◆ Required work ◆
Without including any images, output the listing below exactly.

(Dataset extract)

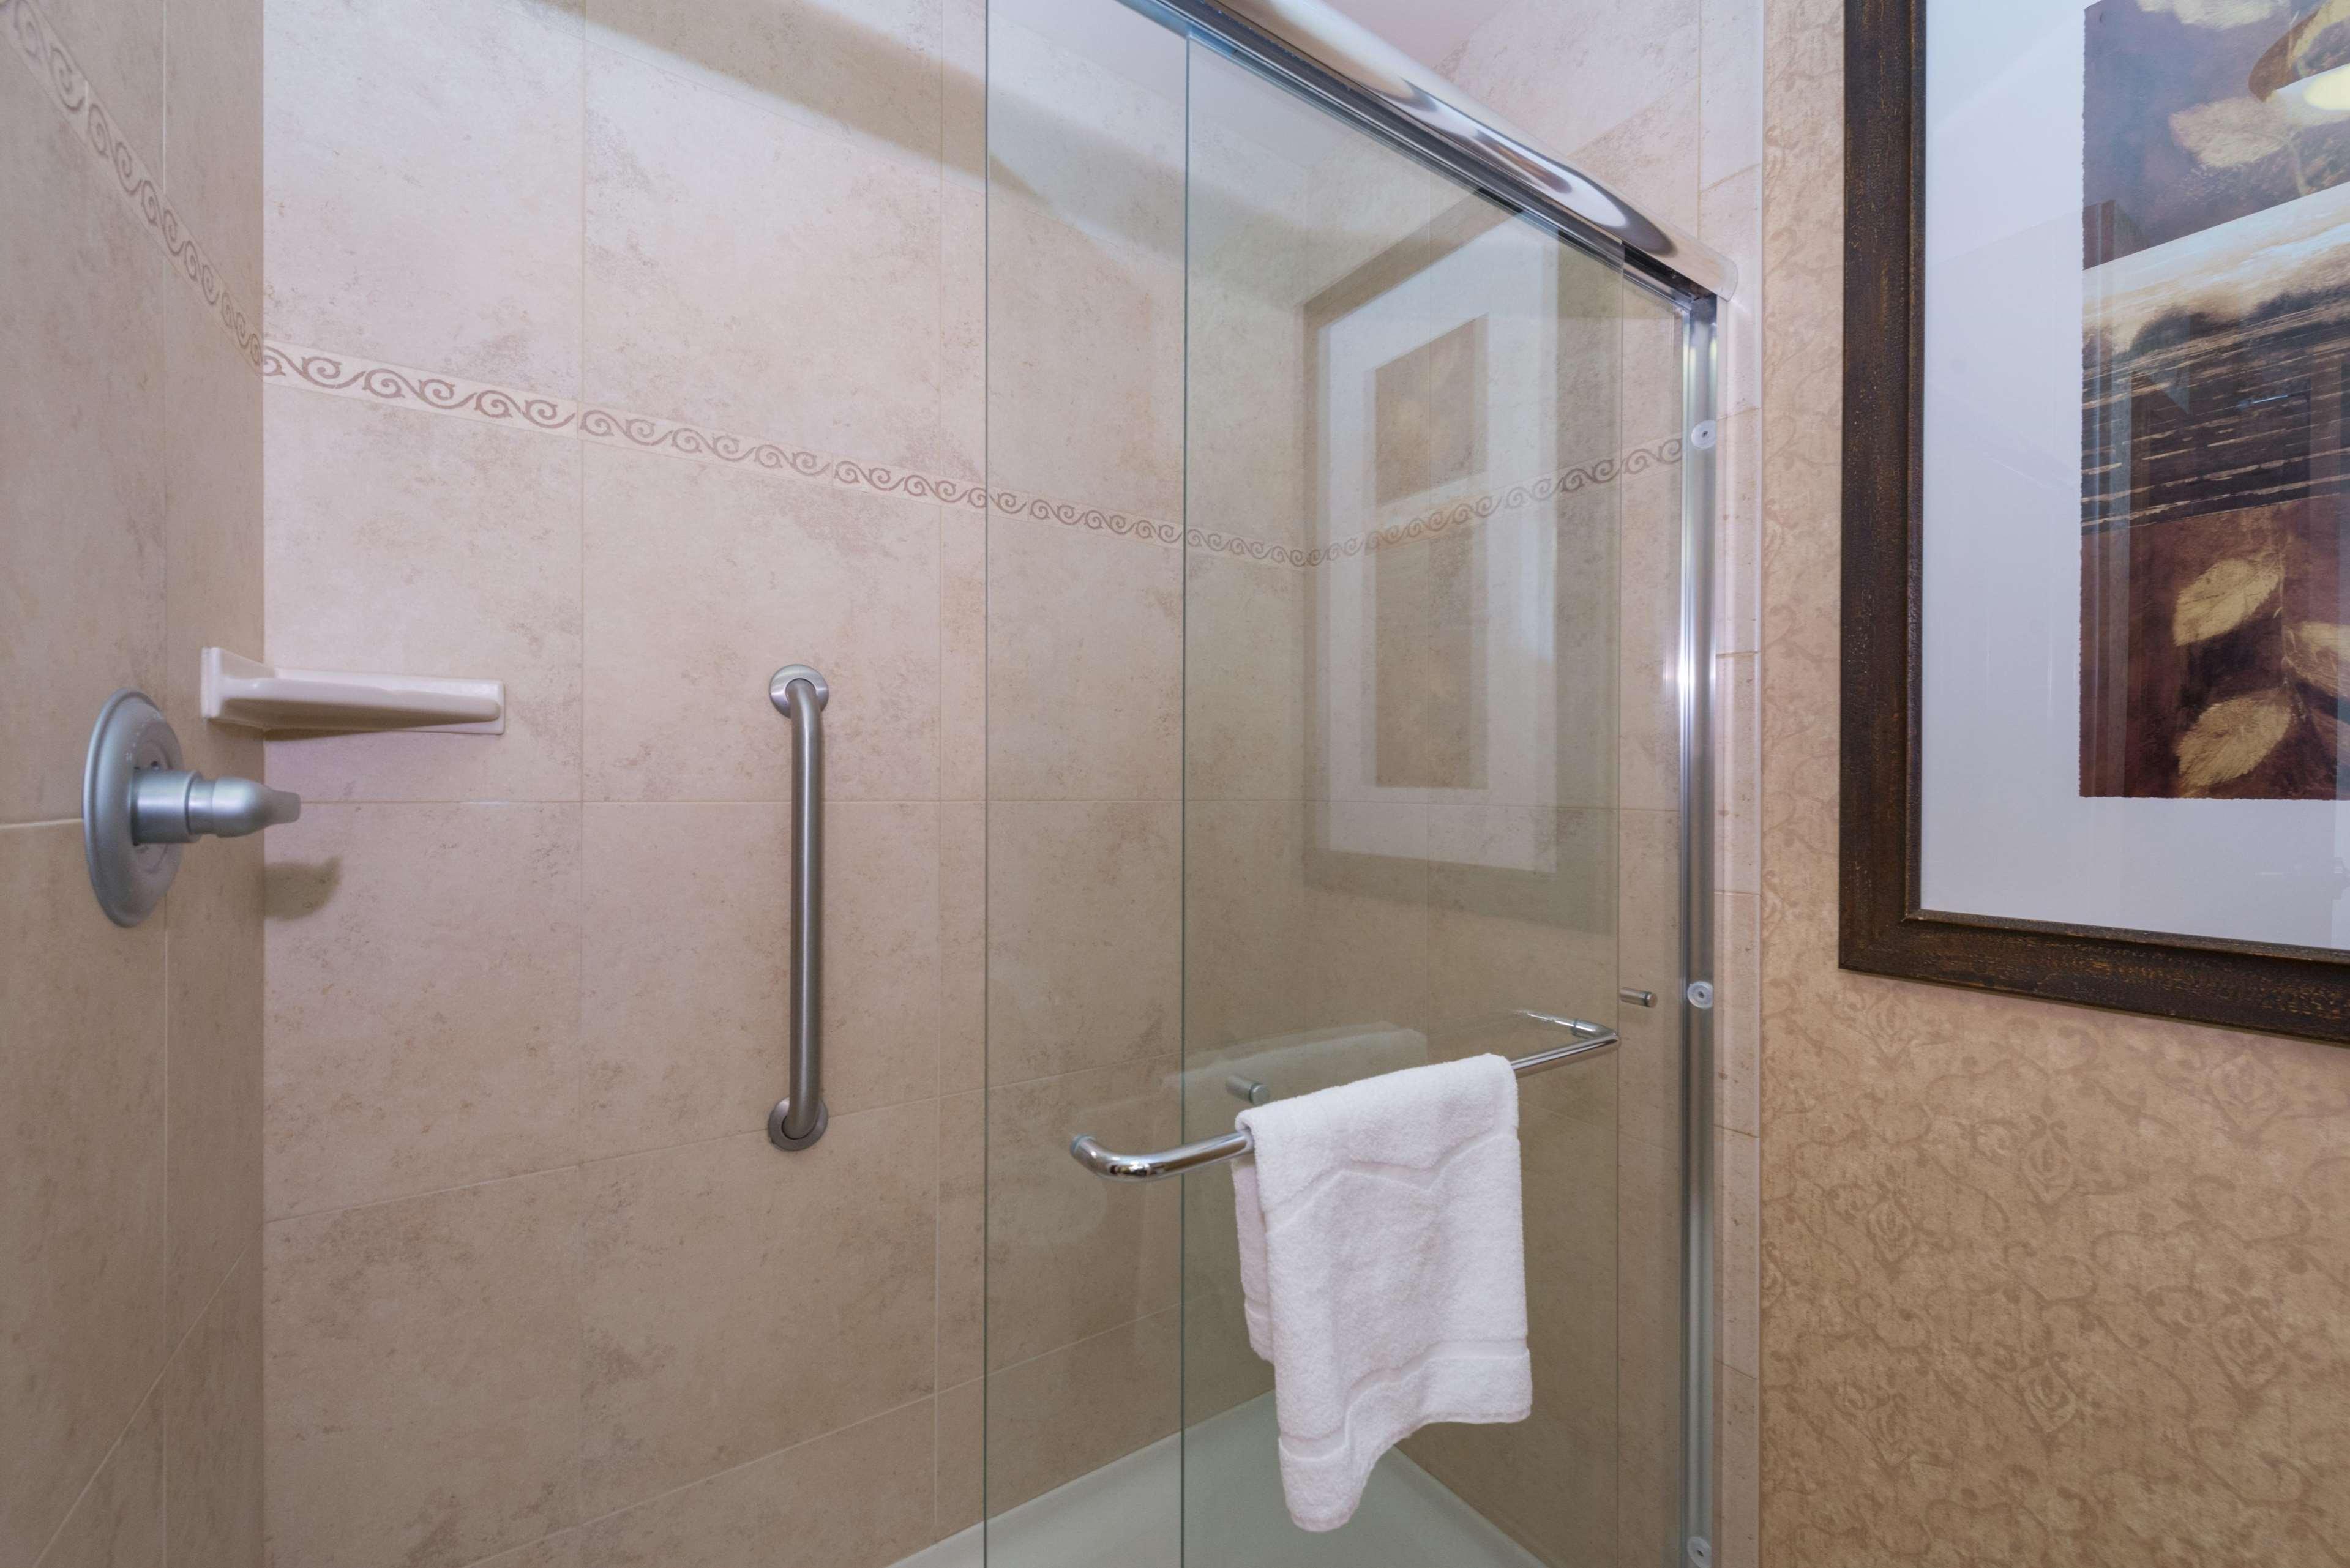 Hampton Inn & Suites Salt Lake City-West Jordan image 27
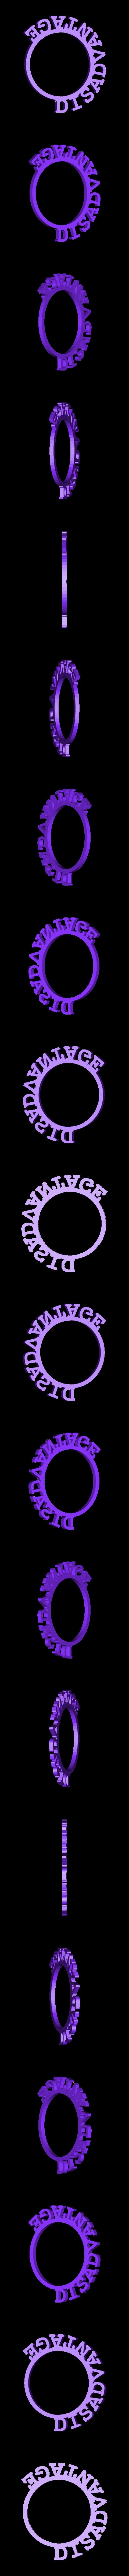 LRingDisadvantage.stl Download STL file D&D Condition Rings • 3D printable design, Jinja
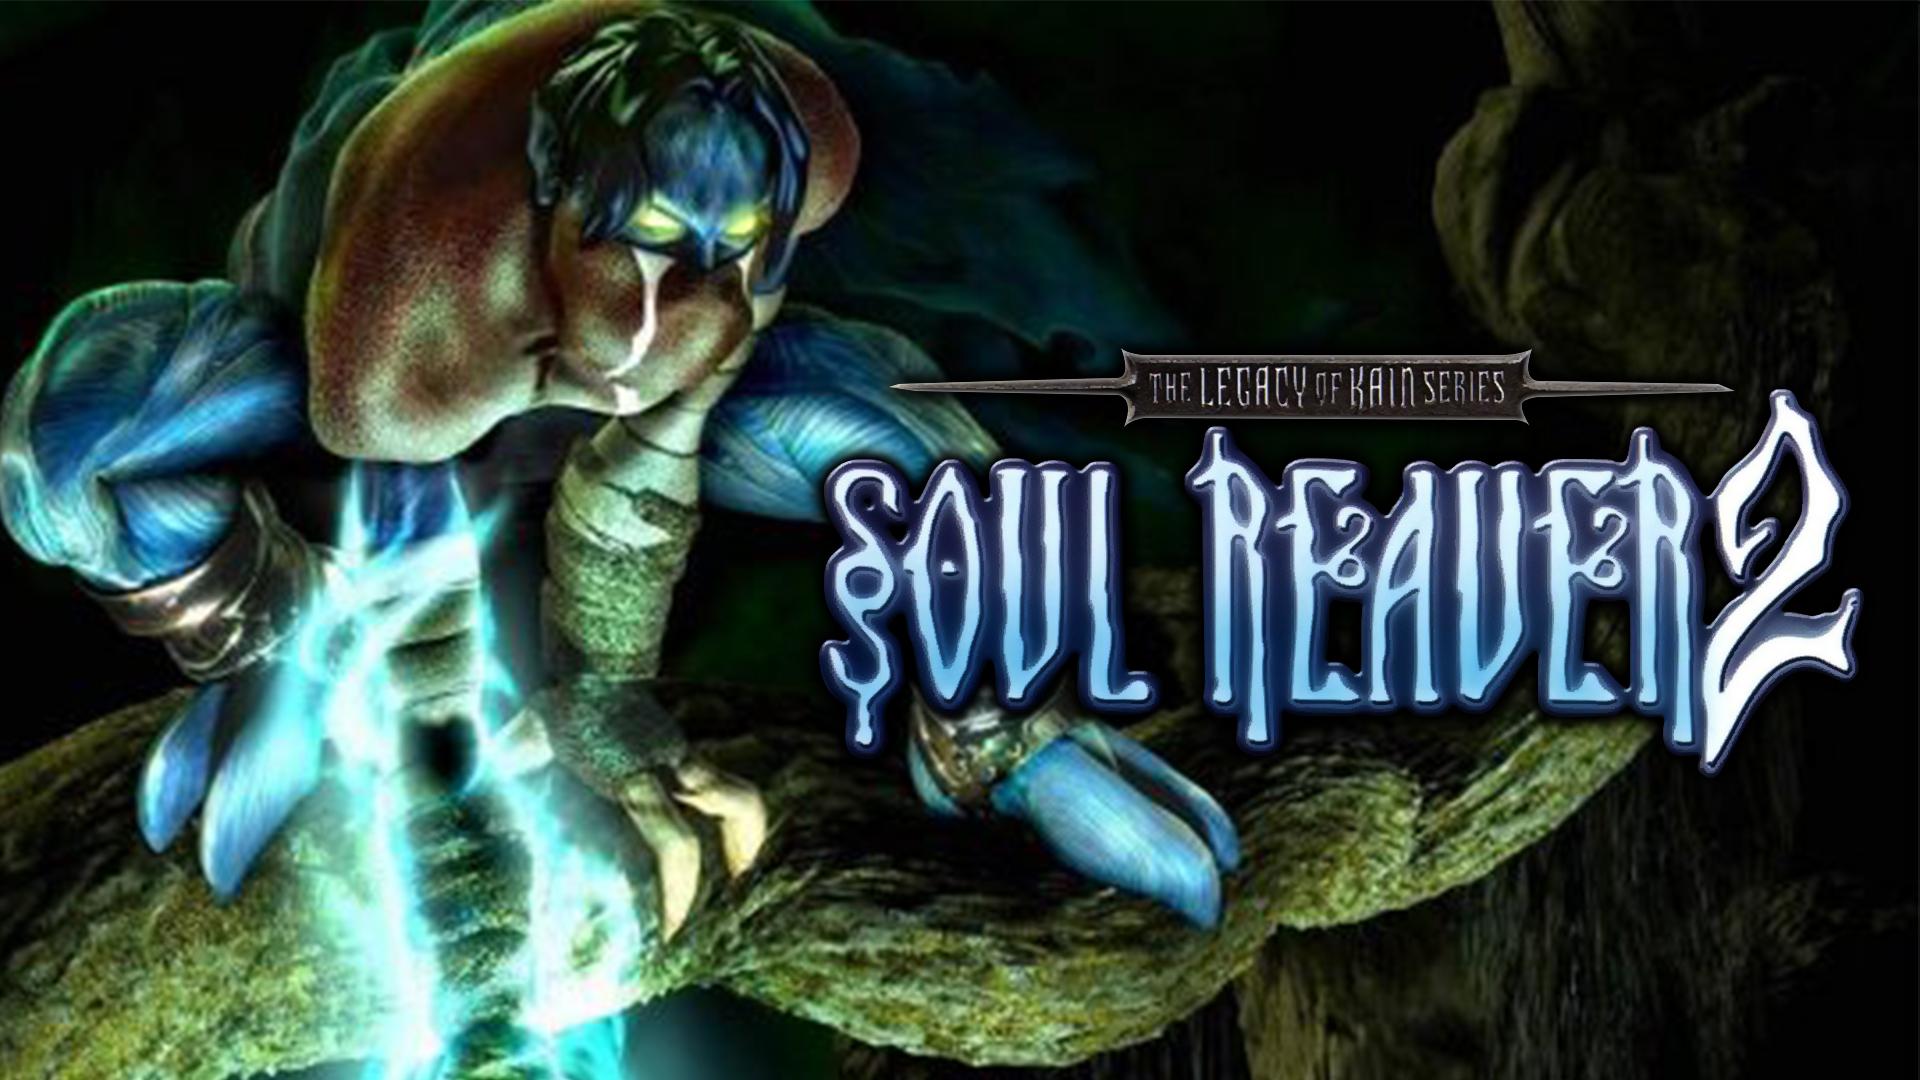 LEGACY OF KAIN SOUL REAVER 2 (PC)

(End Dataset extract)

◆ Solution ◆
 Hampton Inn & Suites Salt Lake City-West Jordan image 27
 LRingDisadvantage.stl Download STL file D&D Condition Rings • 3D printable design, Jinja
 LEGACY OF KAIN SOUL REAVER 2 (PC)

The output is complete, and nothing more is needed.